Exercise
Omit all pictures and transcribe only the lines in the entries below that run from the line with "Heureuse jeune femme" through the line with "Weathered Fungus at Warnham Nature Reserve".

Data for review
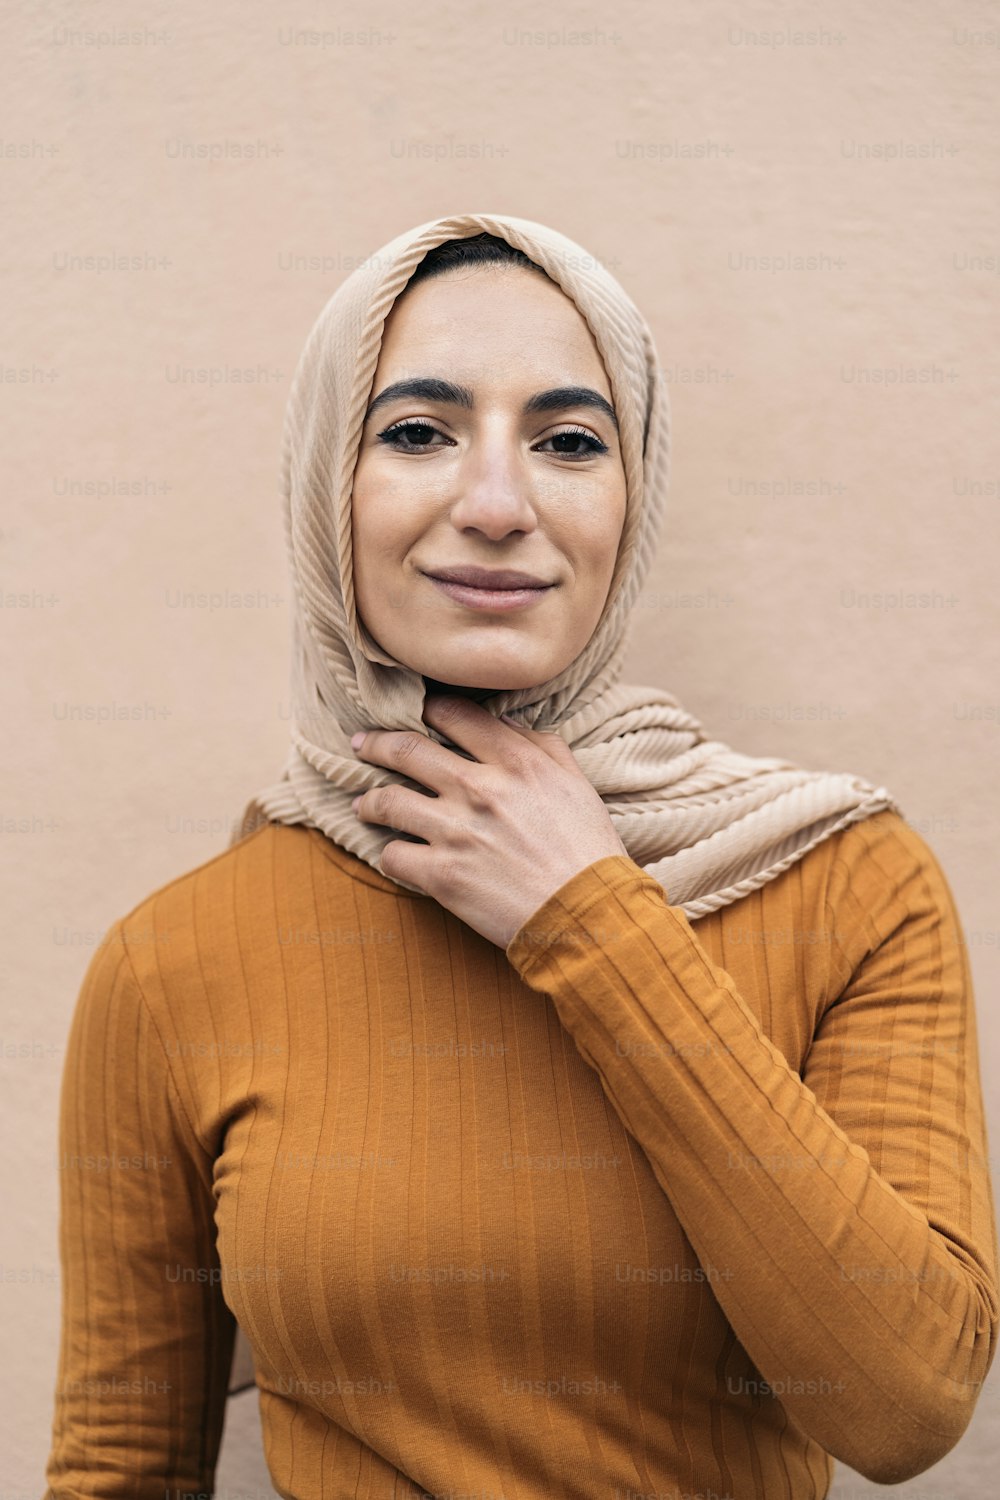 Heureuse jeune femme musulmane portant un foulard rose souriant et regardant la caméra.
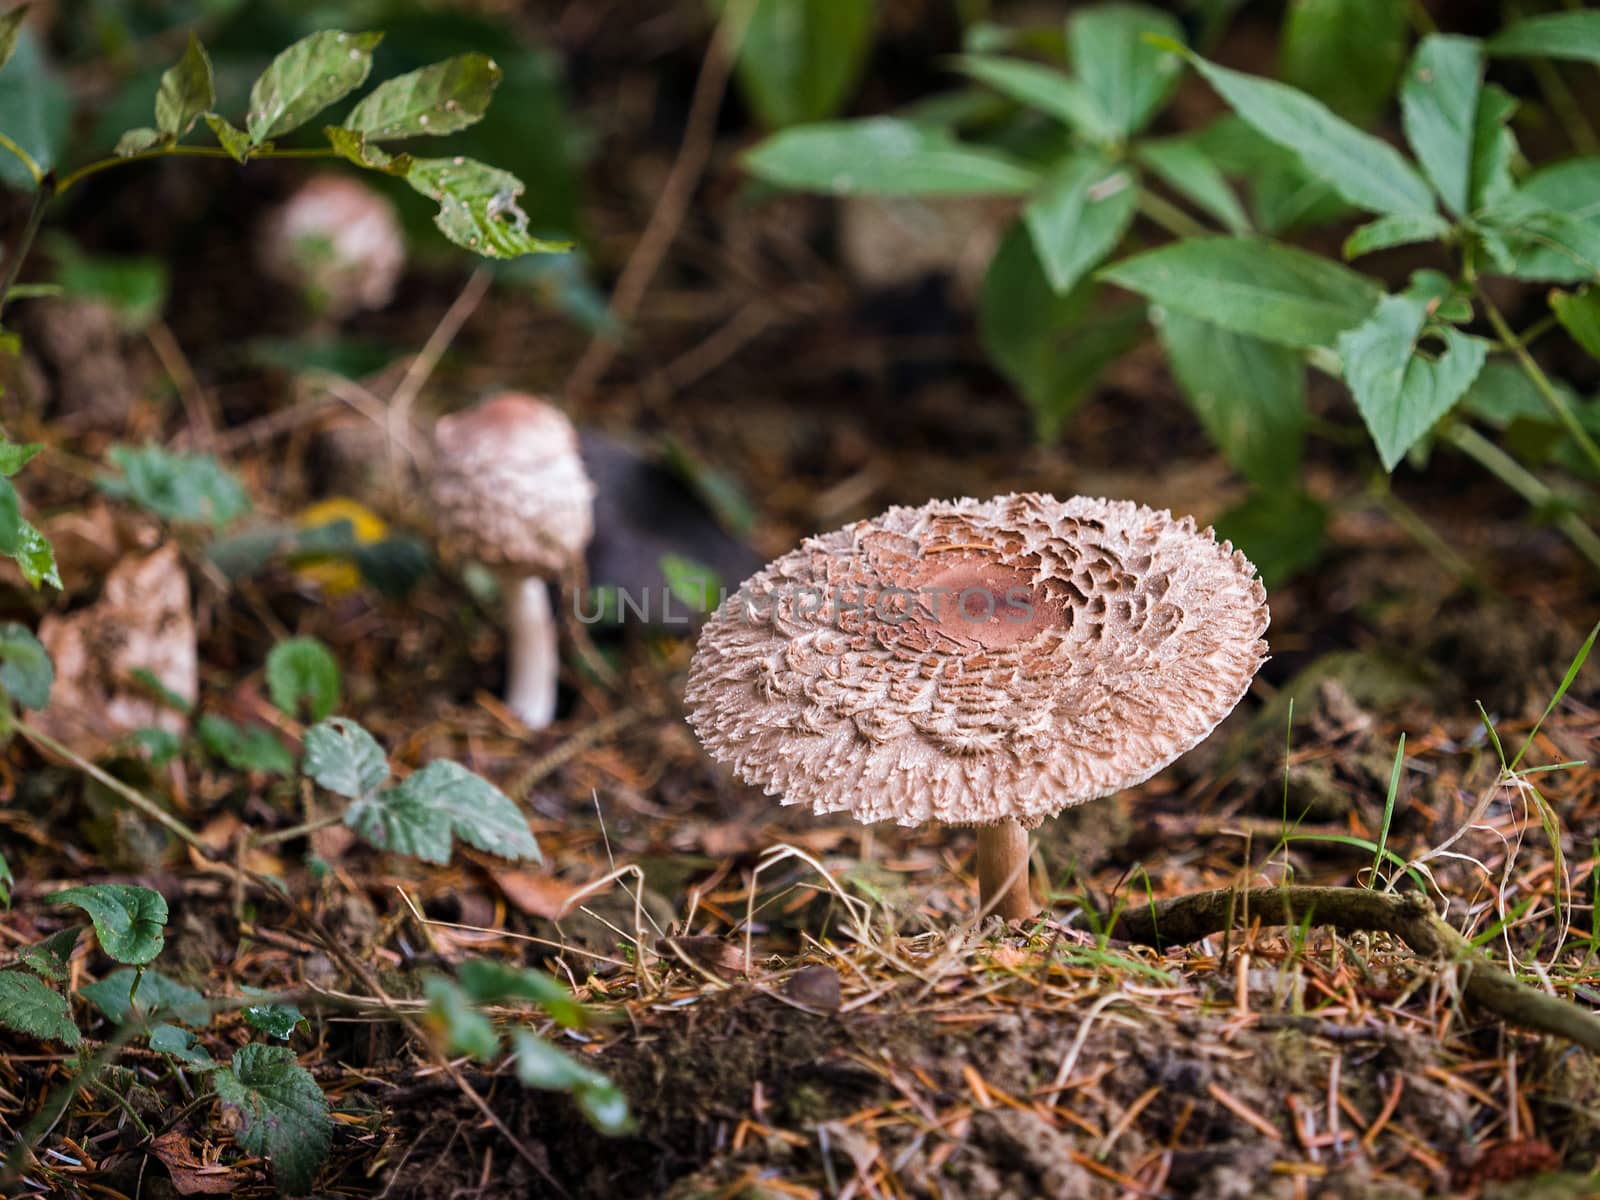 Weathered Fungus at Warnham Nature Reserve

* * *

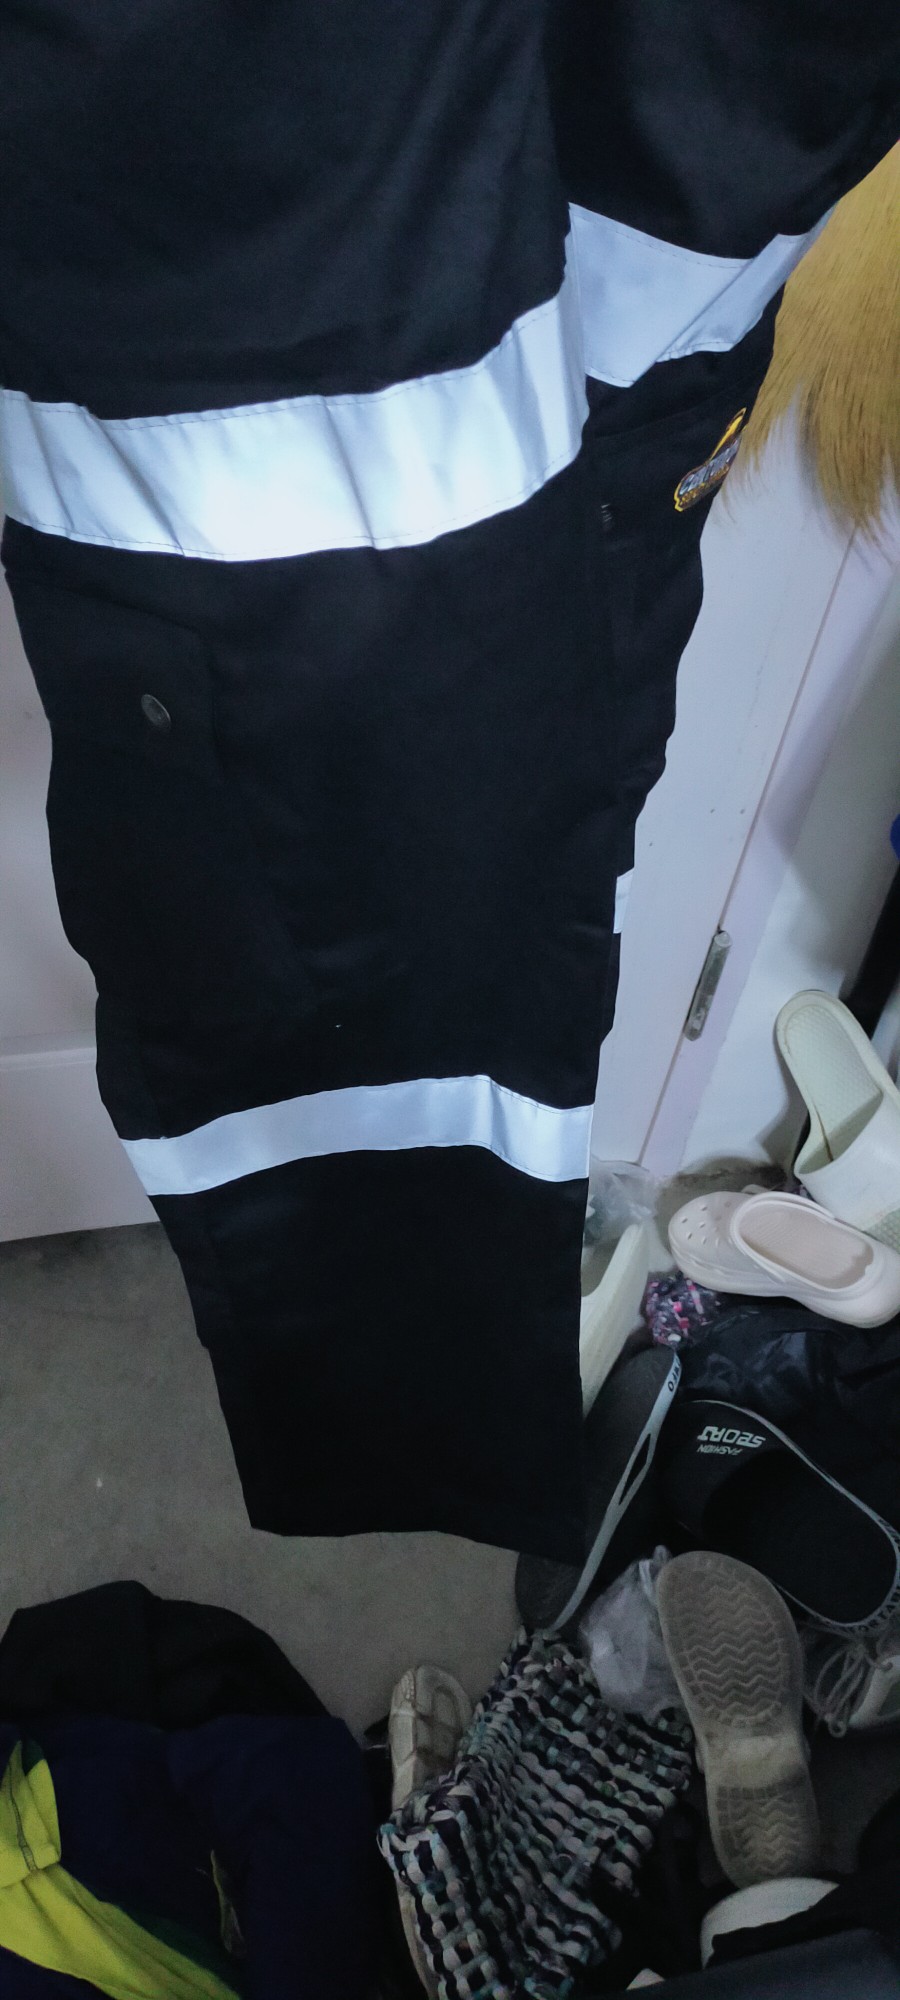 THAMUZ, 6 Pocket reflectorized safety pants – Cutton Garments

---

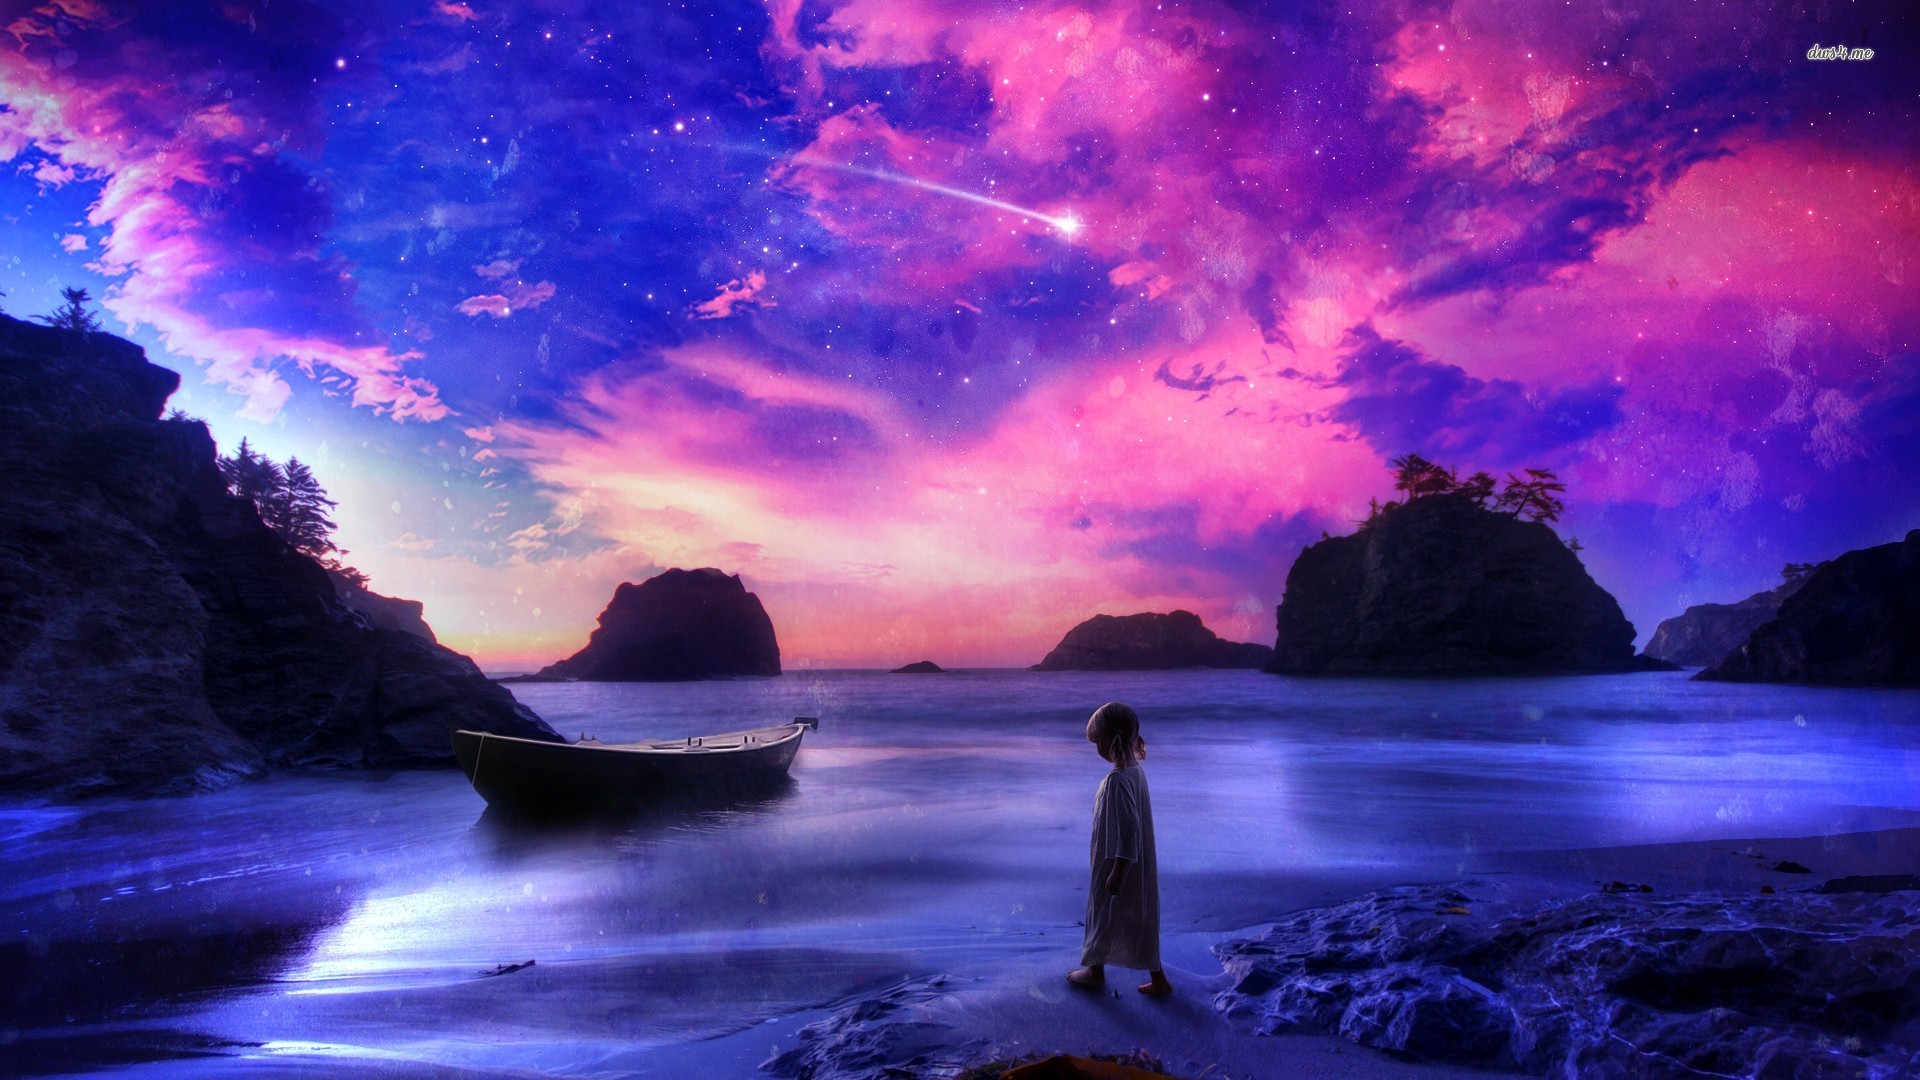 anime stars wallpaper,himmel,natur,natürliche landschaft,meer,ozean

Task output
 Heureuse jeune femme musulmane portant un foulard rose souriant et regardant la caméra.
 Weathered Fungus at Warnham Nature Reserve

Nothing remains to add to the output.